Dhananjay Mahato (8 August 1919 – 2 January 2014) was a freedom fighter and social activist who turned politician and later chairman of Adityapur Industrial Area Development Authority, Jamshedpur. He was elected as Member of the Legislative Assembly from Ichagarh constituency and Member of Bihar Legislative Council. He was a member of All India Congress Committee.

== Early life ==
Dhananjay Mahato was born on 8 August 1919 in a Kudmi Mahato family to Kshetra Mohan Mahato and Ratuli Devi in Gunda, a small village located in the Singhbhum District of Jharkhand (erstwhile Bihar, British India). Since childhood he was sagacious towards education. He completed his primary education in the village school and later for higher education he attended Lakhanpur High School in Purulia District of West Bengal. Soft-Spoken Dhananjay was gentle amongst the schoolmates and his fellow countrymen but at the same time he was a strong protester of the British Raj.

== Revolutionary ==
During the school days he came under the influence of well renowned freedom fighter of the region Bheem Chandra Mahato who gave him initiation and motivated towards the freedom struggle. In 1935, at the age of 16 he joined the Freedom struggle movement. Together with his revolutionary team he started campaigning for the awareness among the people to launch an agitation against the British government.
In April, 1936 he sustained serious injuries by the police while preparing for the rally to boycott the British products in Purulia Town (West Bengal).This incident didn’t shattered him instead he turned more seditious and participated with more energy and enthusiasm in the freedom struggle movement.
In September 1942, when the Quit India Movement was already launched, a group of 21 revolutionaries led by Bheem Chandra Mahato and Dhananjay Mahato set ablaze the British flag and later the BaraBazar police station. Held on this charge he got arrested by the British on 3 October 1942 and remained imprisoned until 17 April 1943 in Purulia Jail. In 1943 with dozens of his colleague, he marched from Patamda to Ramgarh to attend All-India Congress Committee’s convention chaired by Netaji Subash Chandra Bose.

== Post-Independence ==
After the independence of India he totally devoted himself towards the social service for the region. In 1956 Dhananjay Mahato led a large movement against the States Reorganisation Act when Manbhum district was partitioned between Bihar and West Bengal. After joining Indian National Congress Party, in 1957 he was elected as MLA from Ichagarh Vidhan Sabha and in 1976 he became member of Bihar Legislative Council. In 1977, he called the attention of the revenue and land reforms minister Upendra Verma for an inclusive and sustainable developmental model for the Resettlement and rehabilitation of the displaced people due to the Subernarekha Dam which was being constructed in Chandil which would inundate hundreds of villages and displace lakhs of people.

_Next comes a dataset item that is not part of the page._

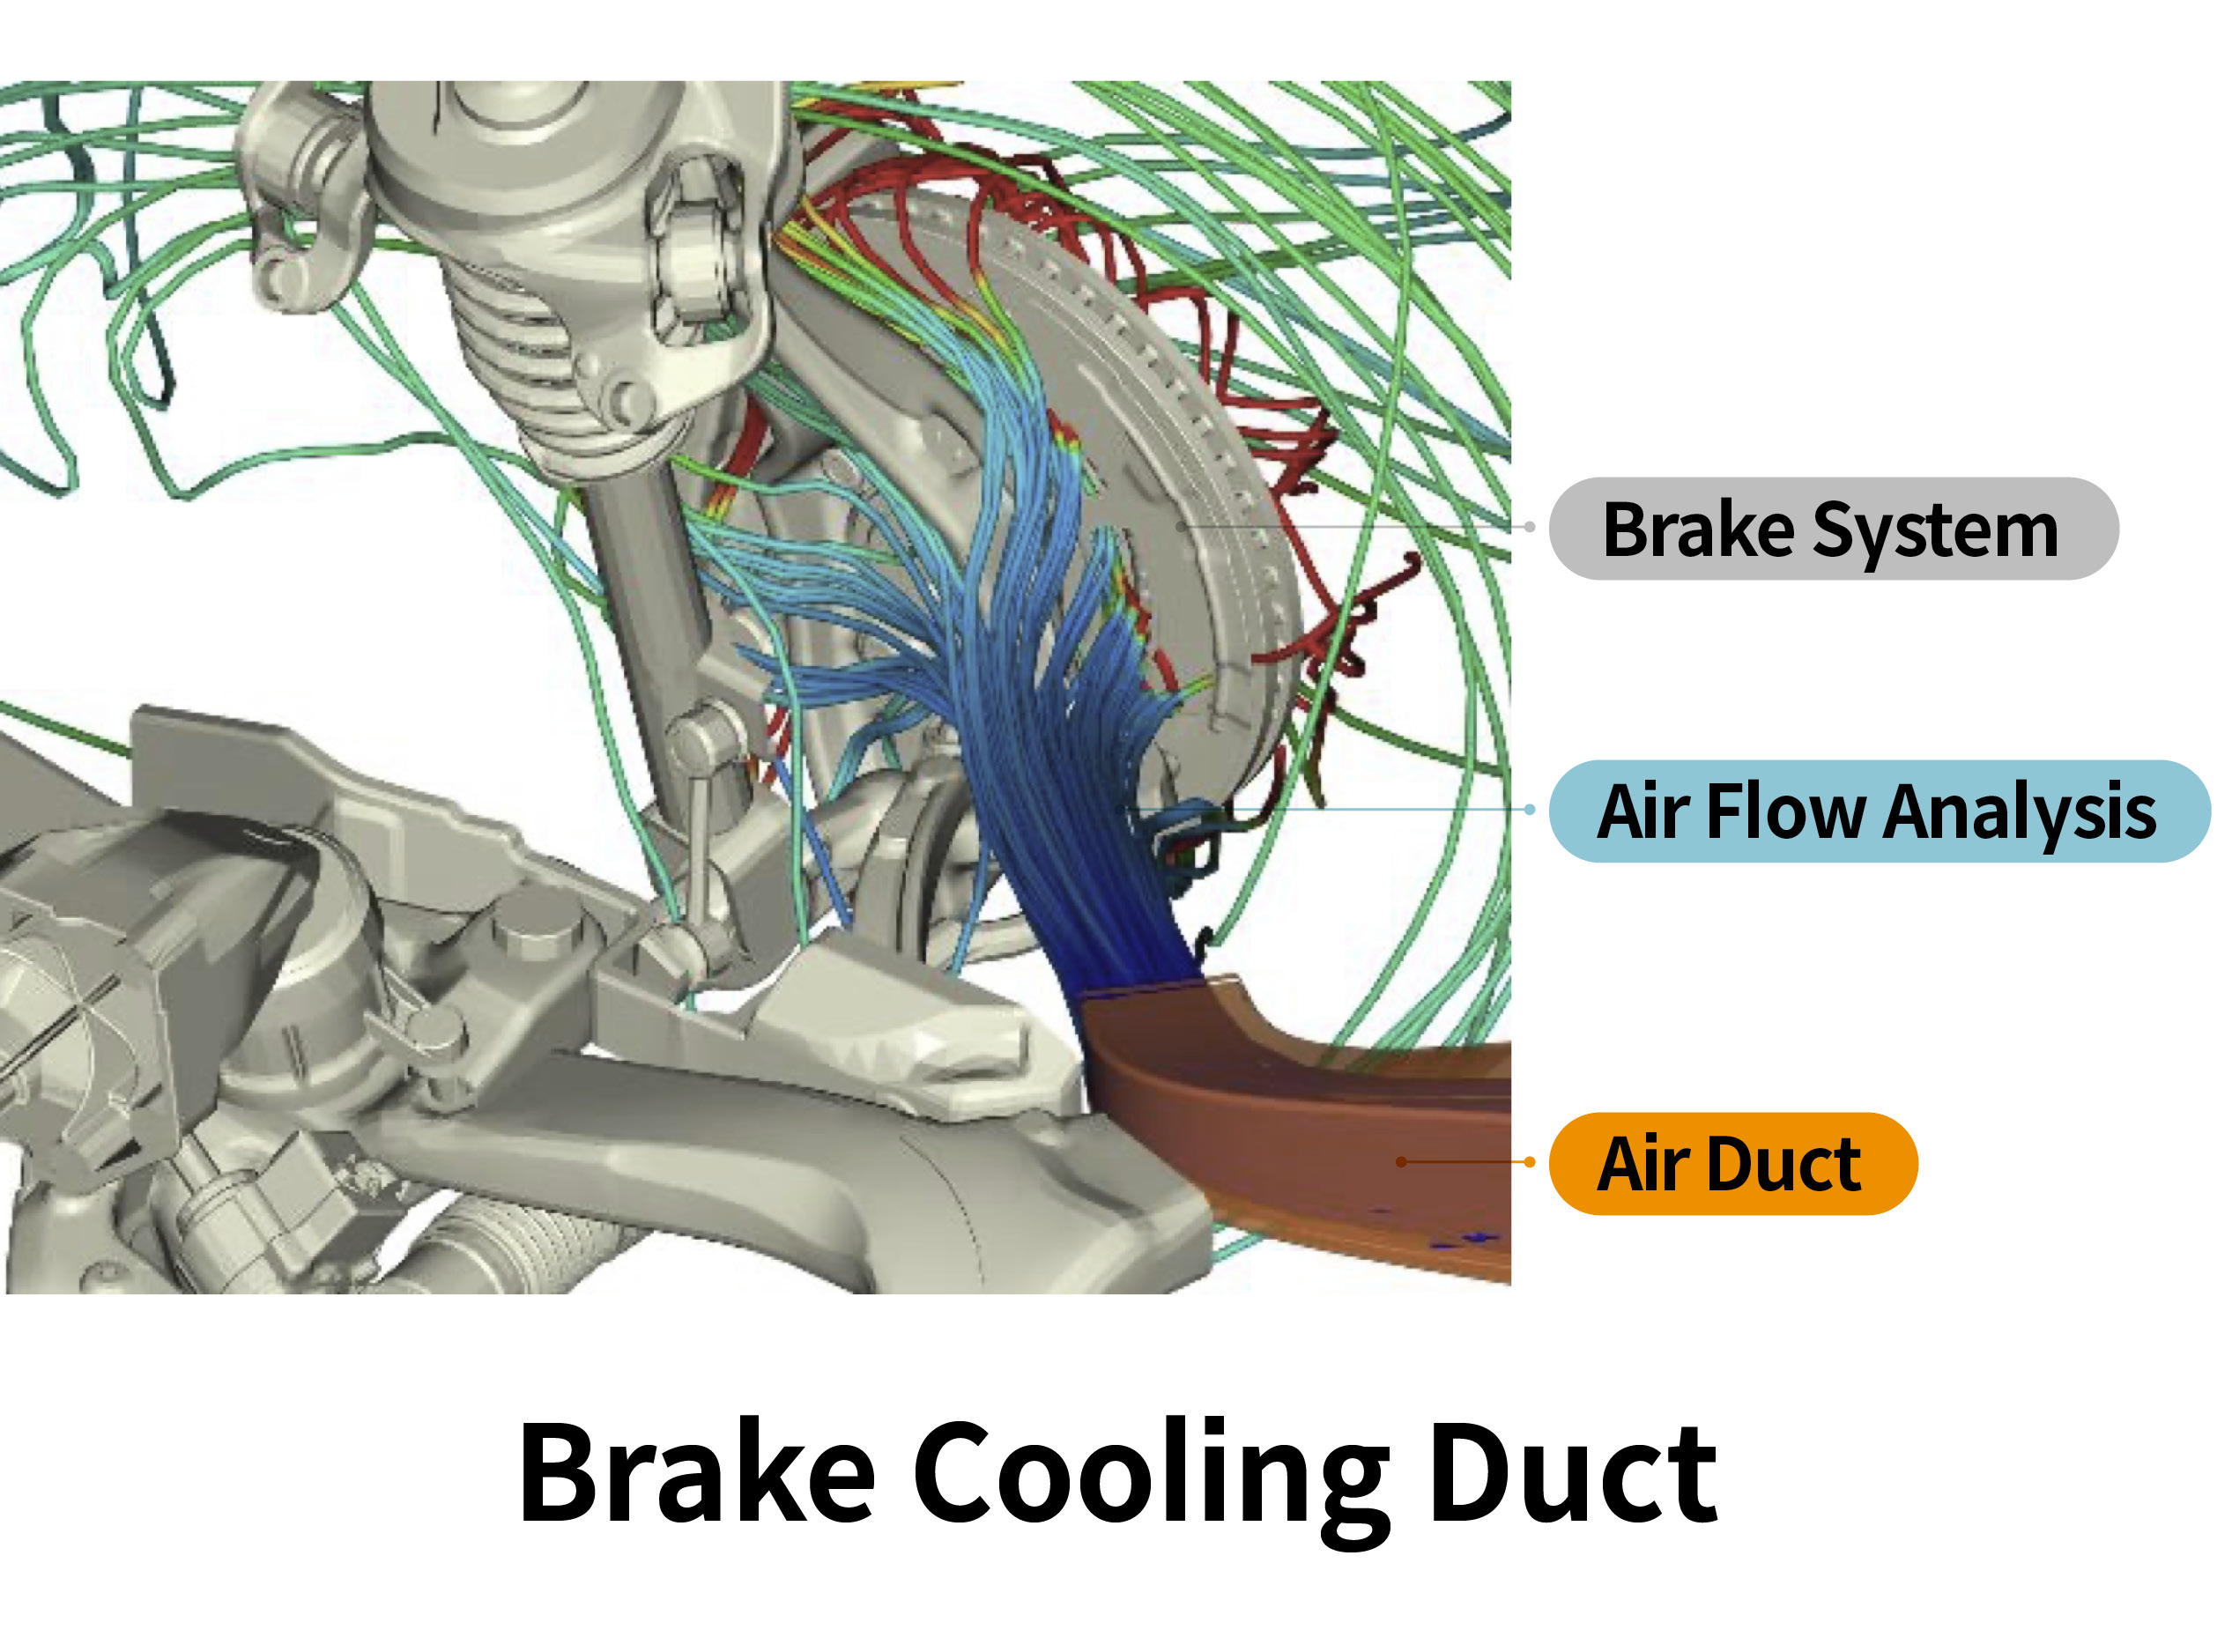 3D image of brake cooling duct and air flow analysis

Later, from 1984 to 1990 he was the chairman of Adityapur Industrial Area Development Authority. During the tenure of then Chief Minister of Bihar Jagannath Mishra, he built the Gunda Bihar Railway Station. He was the Founding Member of Singhbhum College Chandil, Raghunathpur High School and many other educational institutes.

== Death ==
Dhananjay Mahato died at the age of 94 on 2 January 2014 in his Chandil residence.